Unfortunately, the restriction on quality modeled above is a very real problem. The reason is because the computerized search space available to all competitors, or “players,” is substantially the same. This combines with the near-identity of the understanding of value (the goal of stockholder profit) to produce near-identity of the quality measure vectors used by the players. This is effected, in corporations with a standard employer/employee relationship, by what I call “compulsory moral hazard.”
A typical scenario was described to me by an experienced lawyer during a church breakfast in La Jolla . Credit default swaps intended to insure subprime mortgages charge, in a competitive market, say 8.2% of insured value — with insured value totalling trillions of dollars. Reserve requirements are estimated by insurance company employees. An estimate of 8.0% predicts a profit of 0.2% and a proportionately large bonus for the company executive. An estimate of 7.8% doubles this bonus.
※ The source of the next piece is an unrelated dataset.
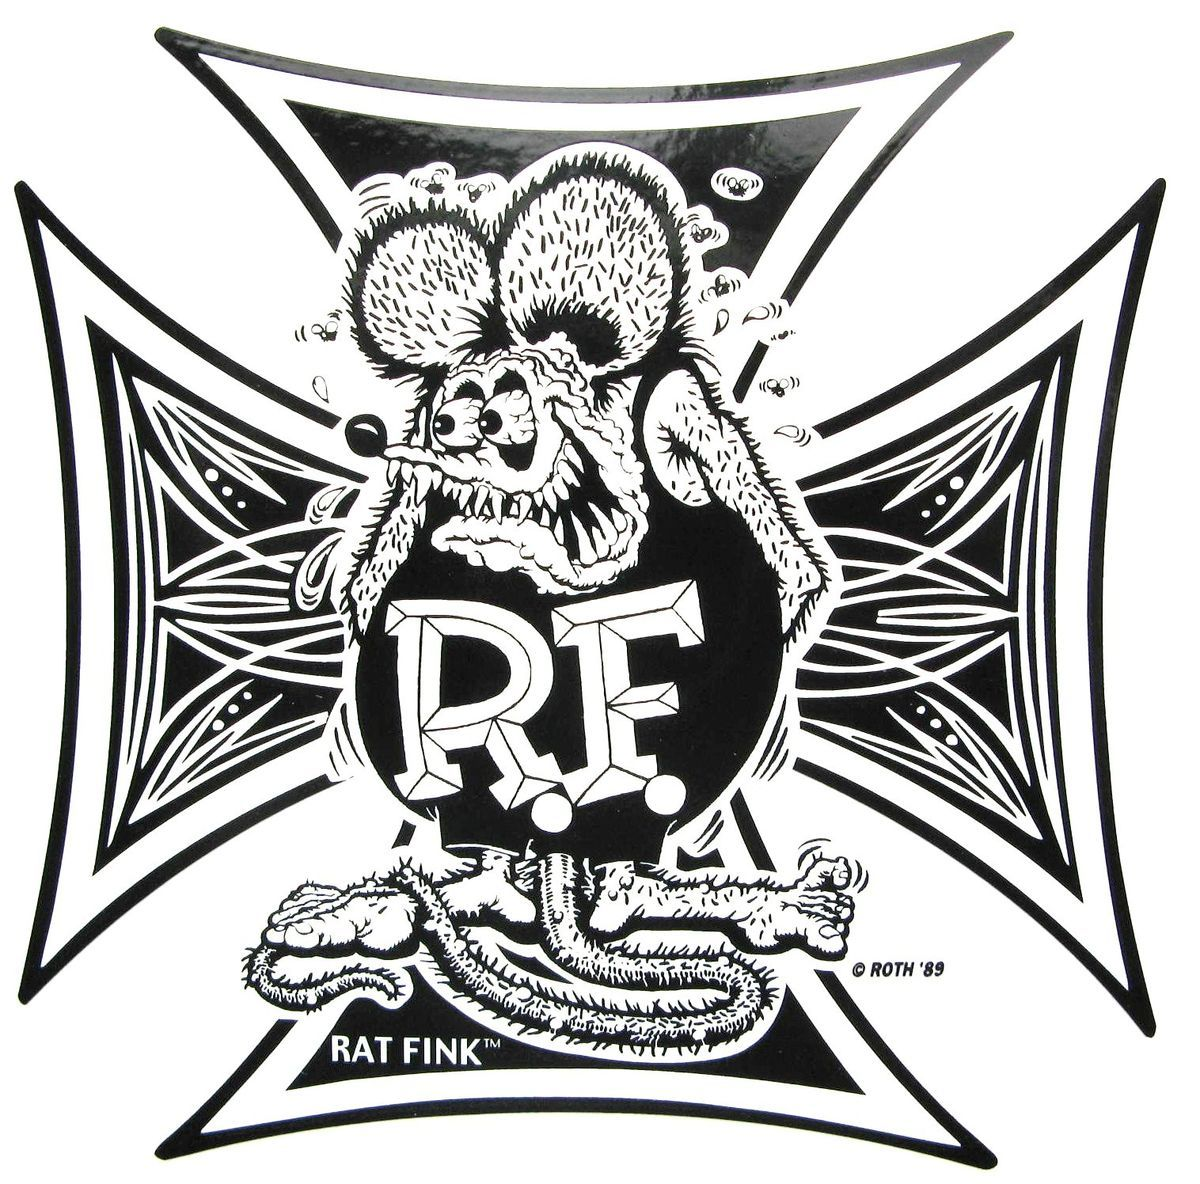 Rat Fink Iron Cross Decal Car Food Diner Hot Rat Rod Sticker Drag
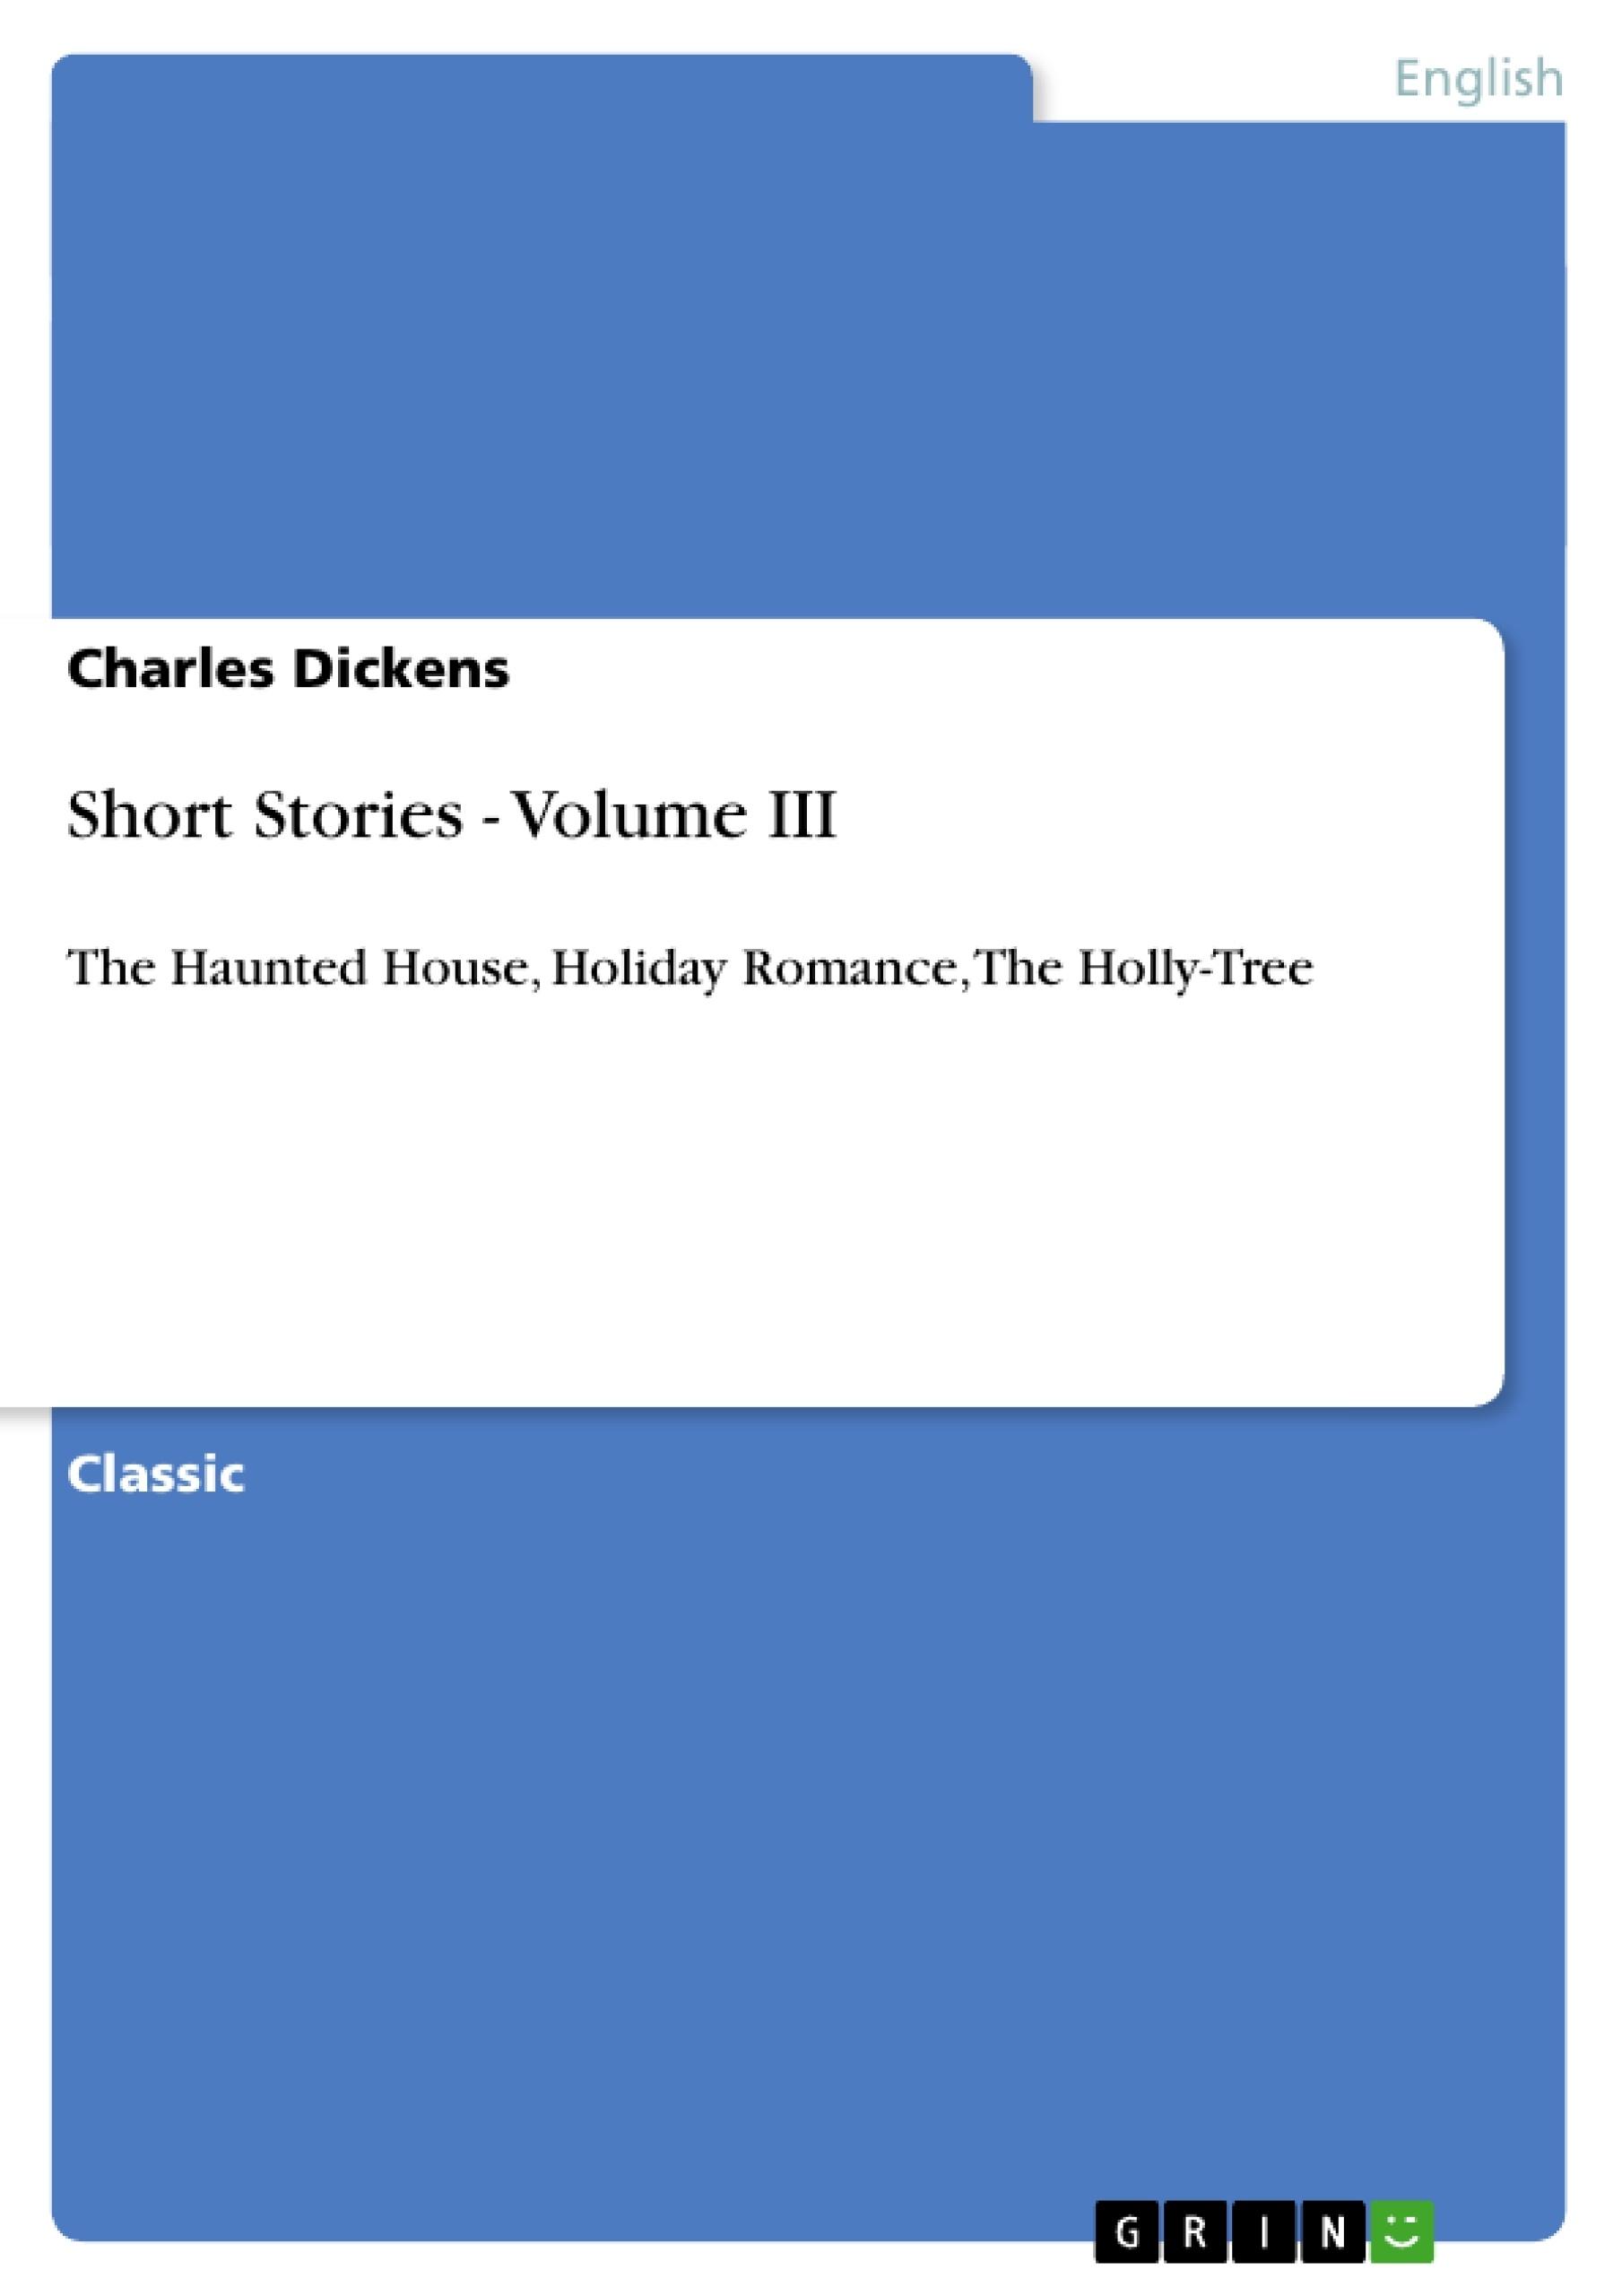 Title: Short Stories - Volume III

Realism would have led closer to the actual value around 20%. But what price realism for the employee making the estimate? He can only base his prediction on fact, history, and mathematical consequences. The executive can immediately do a Web search and find an estimate that comes closer to the executive’s preferences. Thus the employee who attempts scientific realism is not only guilty of attempting to sabotage company hopes. He is, in fact, convicted of negligence for wasting company resources on his analysis, since a simple Web search was all that was necessary to give the executive the conclusion he wanted!
This phenomenon is not restricted to mortgage lenders or insurance specialists. All prognostication of future value is affected. The more players are involved on a single issue (as in vendor/purchaser negotiations), the more intense is this compulsory moral hazard, because the negotiating partner can also check the Web and protest any prediction that varies from the most preferred.
The above analysis shows a clear route to market failure. The first factor is a severe finiteness flaw, called quality collapse, in the normal theory of competition, which can be mitigated by management attention to a full range of possibilities in the planning stage. The second factor is a reappearance of quality collapse when the optimizations done during the planning phase are based on prognostications of future value that are too similar among competitors. The third factor shows realistically how this excessive agreement among quality measure vectors is a consequence of the universal computerized monoculture for information search.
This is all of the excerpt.